13: Help! I need somebody...

Thus far, the teaching side of life in LopBuri has gone surprisingly smoothly. I think this is down to (1) the novelty aspect of introducing ‘farang’ teachers to children who have rarely seen a white person, and (2) the fact that the children who attend Jindaratana (which is a private Thai junior school) are generally pleasant, attentive and well behaved. I do say generally. In a working week I teach around 350 students, by the law averages there must be (and certainly are!) some wild exceptions.

Dealing with behavioural problems has been one of the most difficult elements of starting the new native English programme at Jindaratana. At King’s college in Bangkok it was easy because we were told exactly what to do with children who were acting disobediently:

First give them a polite warning:
Ploy, stop using your pencils for drumsticks, get on with your work please.

If this didn’t work then repeat the warning a little more forcefully:
Come on now Ploy, you’re not Ringo Starr, get on with your work please.

Then give the child an option:
Ploy, Ringo used to listen to his teacher!

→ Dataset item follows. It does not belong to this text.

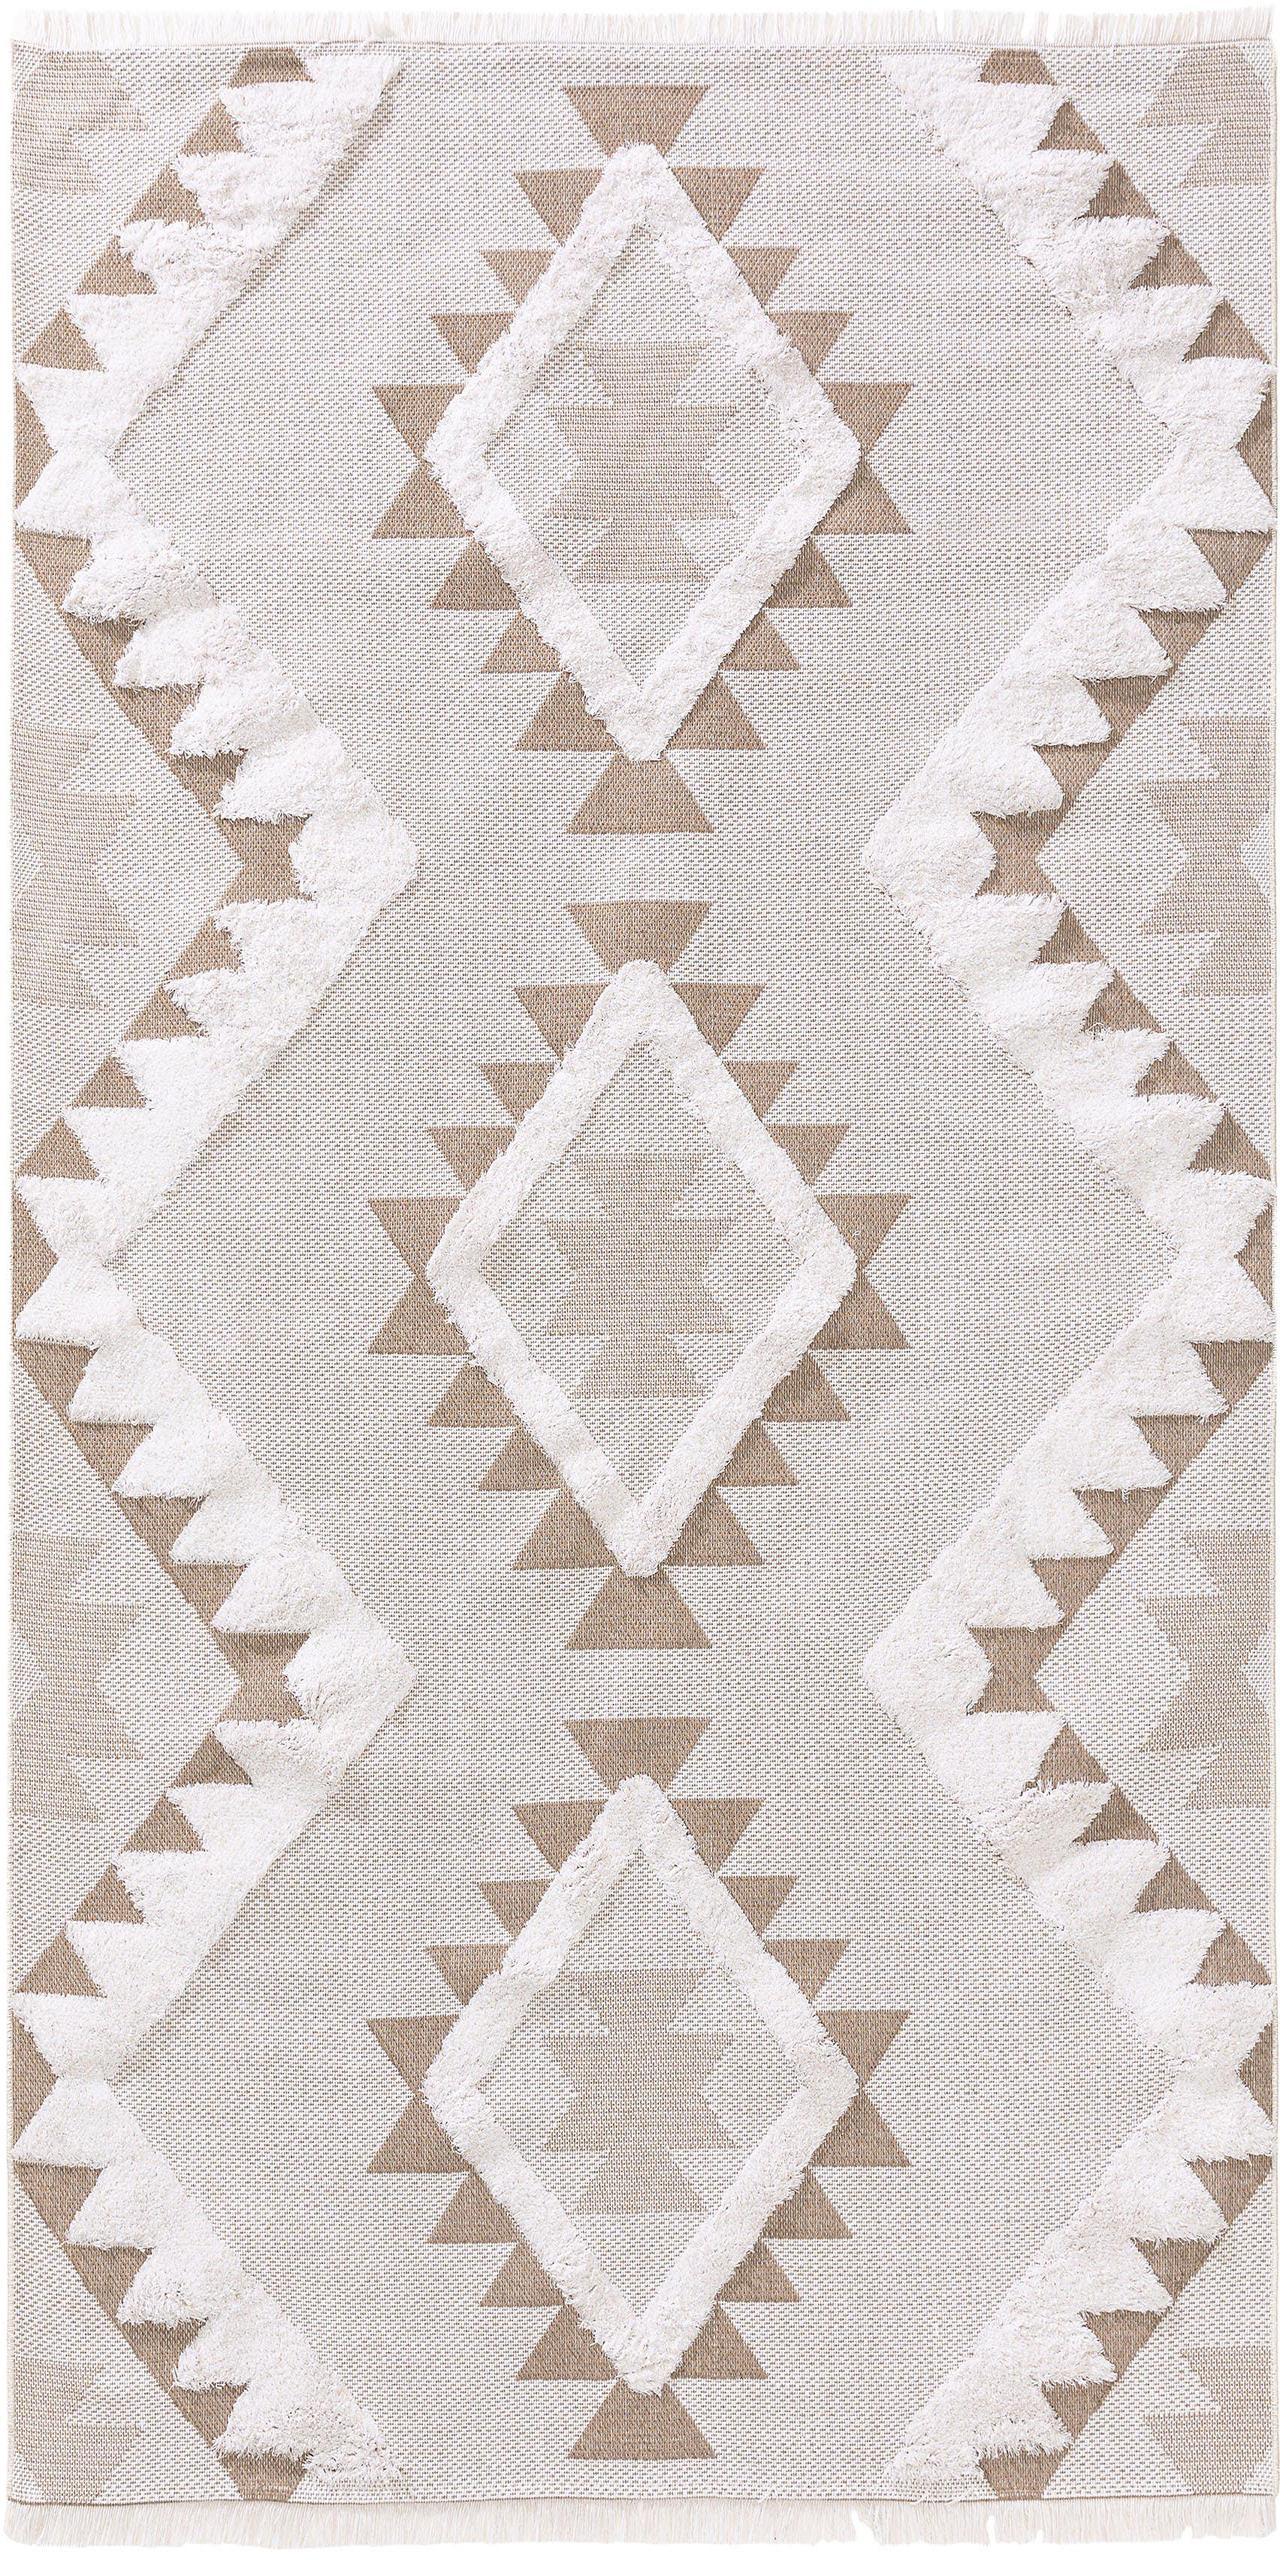 Dywan z bawełny Oslo Aztec, 100% bawełna, Kremowobiały, taupe, S 75 x D 150 cm
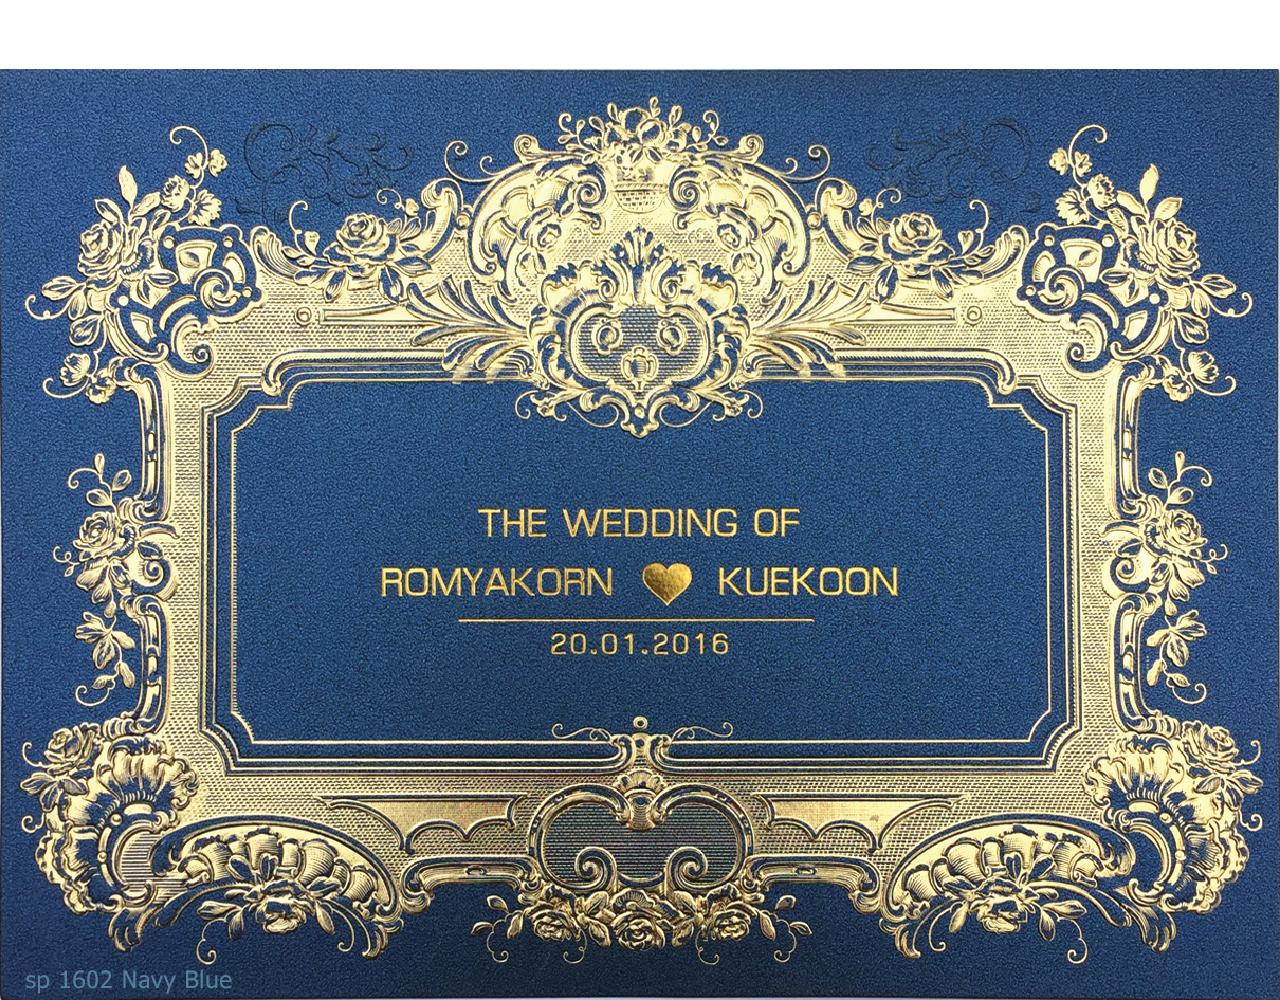 การ์ดแต่งงาน การ์ดเชิญ ดีไซน์หรู สีมุกน้ำเงิน 2 พับ ขนาดใหญ่ ลวดลายปั๊มนูน wedding card 8.5x6 inch sp 1602 nayy

You either stop drumming your pencils, or you are going out of the door.

If there's still no reaction, tell the child to leave the classroom, hopefully in view of their parents:
Ploy, the Beetles never even played a gig in Thailand, you’ve had your chance, out you go!

When the child still refuses to acknowledge your presence, then the final straw is to bring in a member of Thai staff. This usually means a long lecture for the child and more importantly to them, a letter home to their parents.

Ninety per cent of the time, little Ploy will have obediently hung up her pencil drum sticks after step one or two, so there’s no problem. However at Jindaratana we aren’t allowed to send a child out of the classroom, neither are we allowed to threaten letters home. This means that ten per cent of the time, I am left with something of a quandary as to what to do. For the first few weeks I singled out the ringleaders from misbehaving tables and stood them up on their own. They then had to count to ten or twenty before being allowed to retake their seat. This was working fine until I asked one mischievous girl to stand up and count when she abruptly burst into tears. Her crying was intensified further by the raucous laughter of her classmates.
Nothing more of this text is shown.